Uttara's Undesirable Metamorphosis

Mohammad Polash Khan

The name 'Uttara Model Town' conjures up a picture of a well-planned residential area - a serene zone free from the typical problems of the claustrophobic city. But, to Nazrul Islam, who has been an Uttara dweller for years, Uttara is way behind from being 'model'. He calls it a green field impaired by societal bugs.

This is how he puts it-- “I have seen model towns around the world. As a regular concept, it is supposed to have all the facilities of a complete community life. There should be a playground for children, a green park where people can walk around, a library where senior citizens can read newspapers or youngsters can read books and most of all, there should be a fixed area for grocery or essential things. Would you find that here? Hardly.”

Oddities are apparent among all the fourteen sectors. Take the locations for grocery shops. In a model town, the departmental stores or groceries are supposed to be located in specific area. But in many cases, the garage or front space of the houses becomes a departmental store. This is of course the aftermath of the landlord's 'extra cash motive'.

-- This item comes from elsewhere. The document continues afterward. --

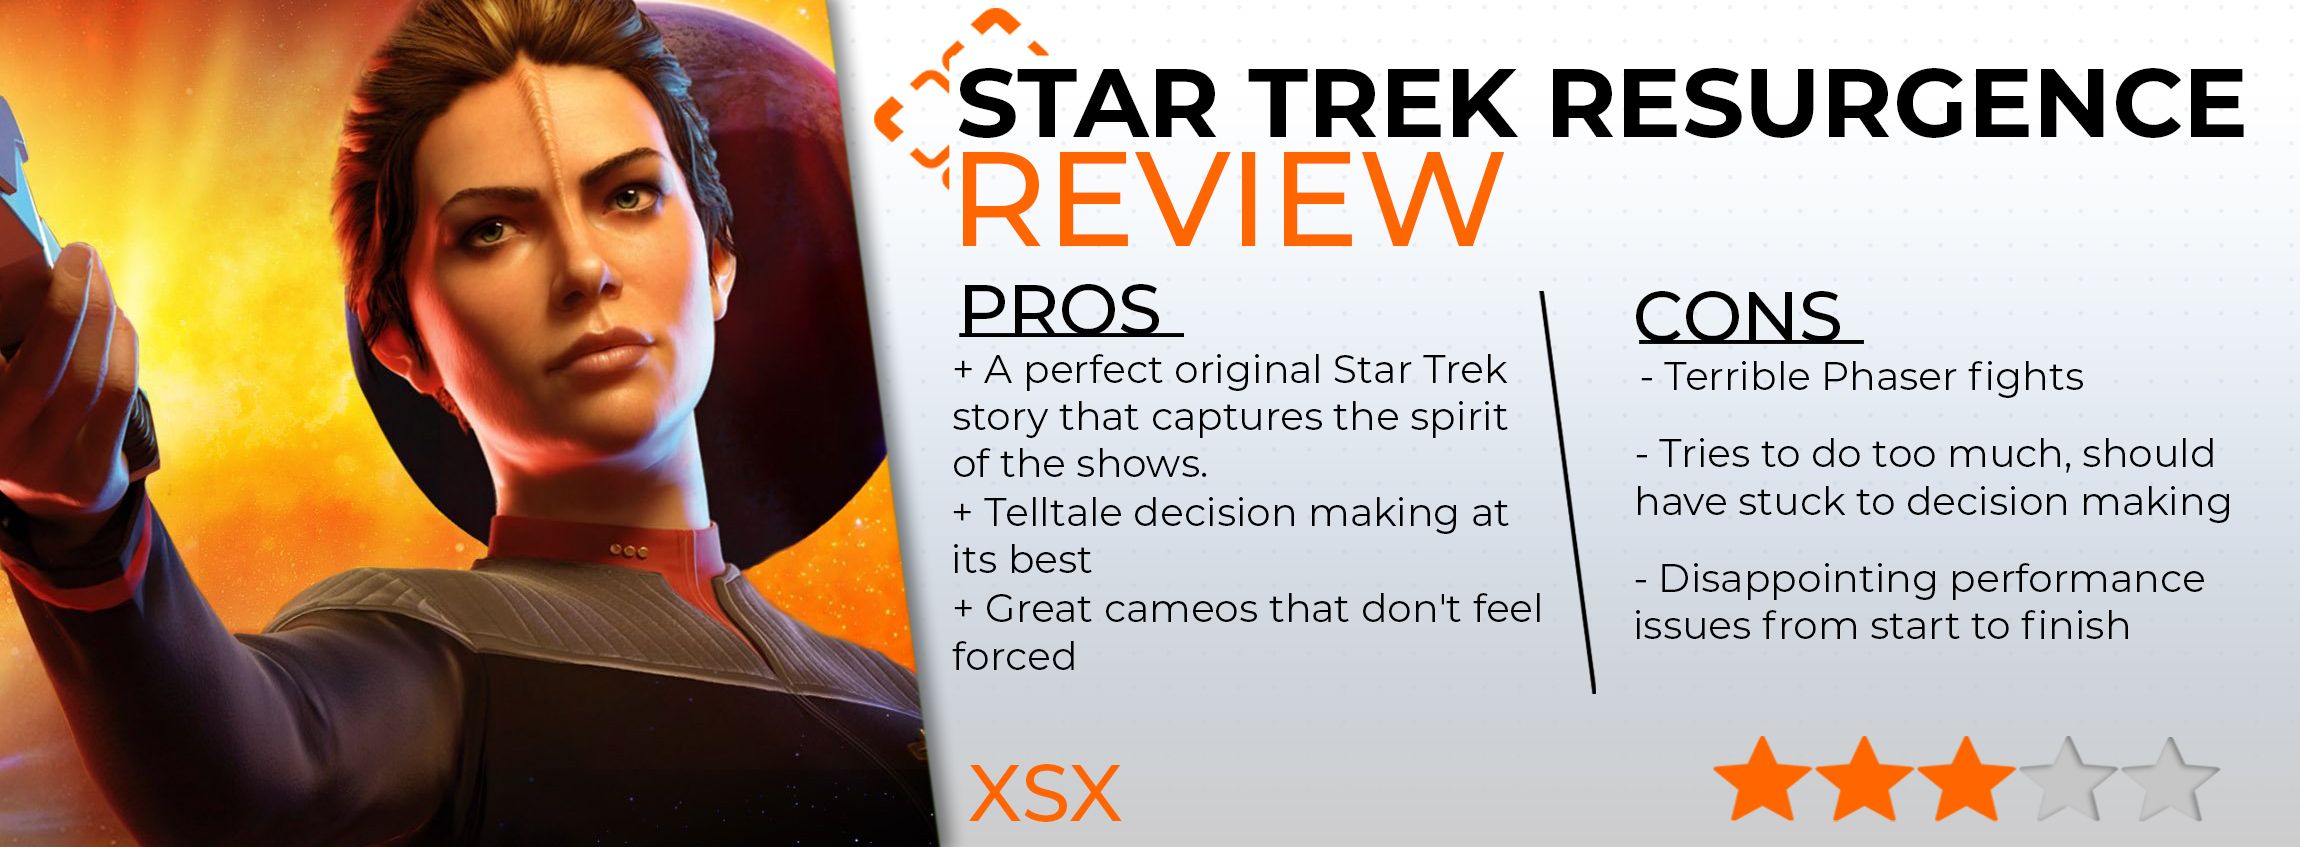 A Star Trek Resurgence review card, awarding the game 3 out of 5 stars. The listed pros: "A perfect original Star Trek story that captures the spirit of the shows", "Telltale decision making at its best," and, "Great cameos that don't feel forced". The listed cons are: "Terrible Phaser fights", "Tries to do too much, should have stuck to decision making," and "Disappointing performance issues from start to finish". 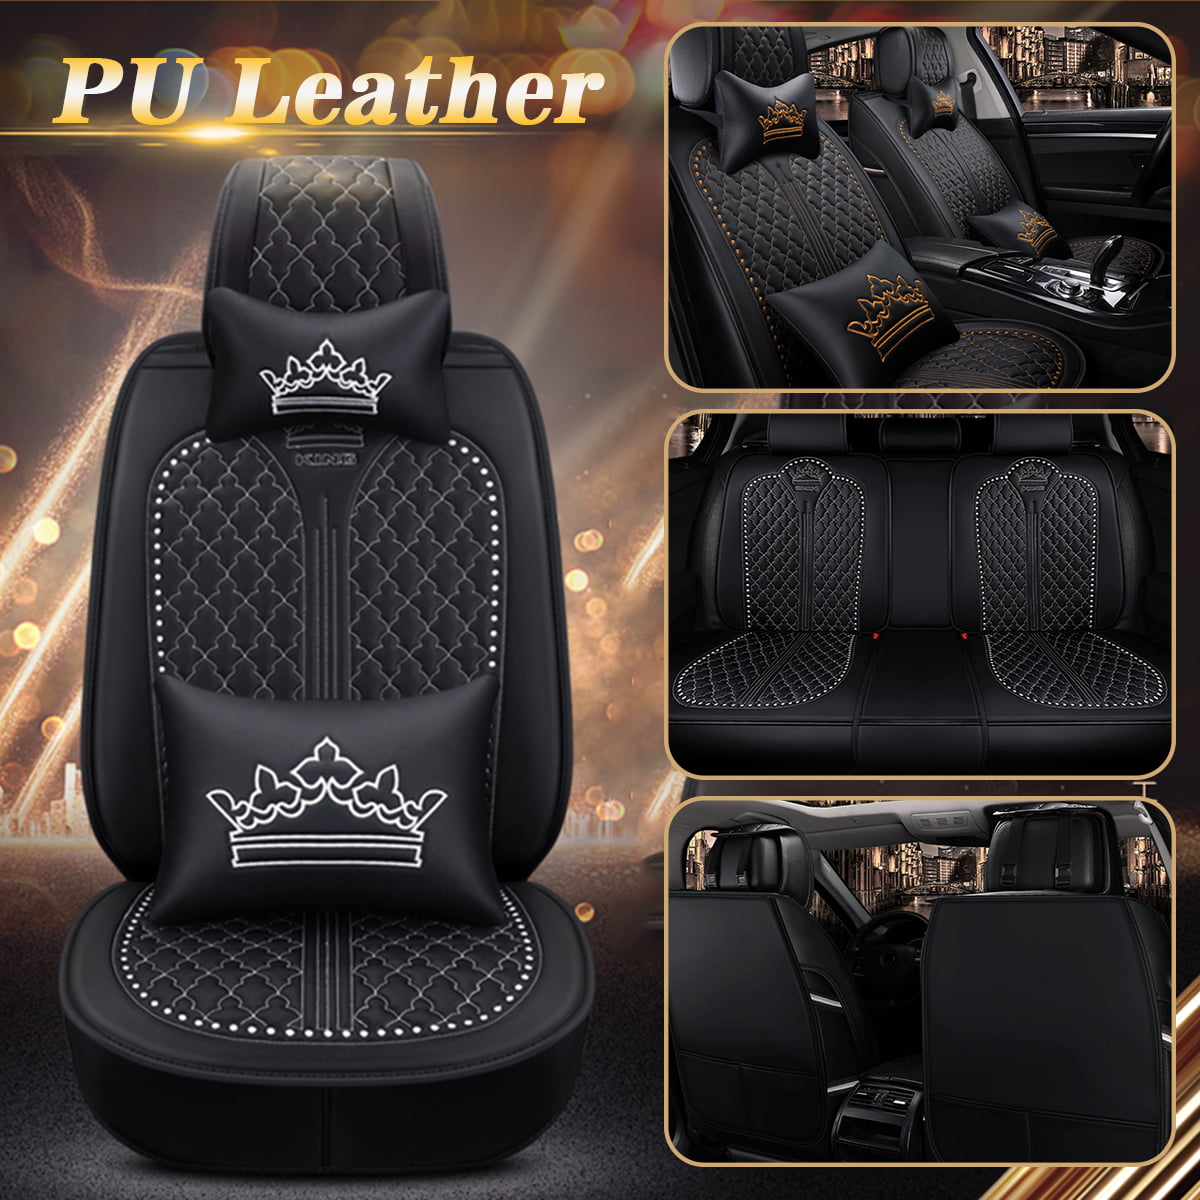 labwork PU Leather Car Seat Cover Protector for Front Seat Bottom,PU Leather Front Seat Cover Half/Full Surround Chair Cushion Mat Pad Replacement for 90% Vehicles Sedan SUV Truck Mini Van

There are separate Kollyan Shomities (Welfare Societies) for each of the sectors. These are supposed to function as local disciplinary bodies. The law is there but is seldom enforced. While talking to some residents, a 'koshai' was seen taking a cow to the community playground for slaughtering. “The officials of this sector's 'Kollyan Shomiti' say that this will help us get fresh meat,” comments one fuming resident.

Mohammad Katebi, another resident had a lot to say about Uttara's transformation from a residential area to a commercial one. “The developers are increasingly becoming a pain in the neck. The terrible noise of construction, dust, piled road blockage make things intolerable at times. When my son was driving his way home through the usual entrance, the construction workers told him to take an alternative path around,” he comments.

Locals express frustration at the increase of commercial establishments. Residents bemoan the fact that in some sectors playgrounds or open spaces are being occupied by the commercial establishments. There is apprehension among locals that Rajuk is being manipulated successfully in favour of the commercial motives.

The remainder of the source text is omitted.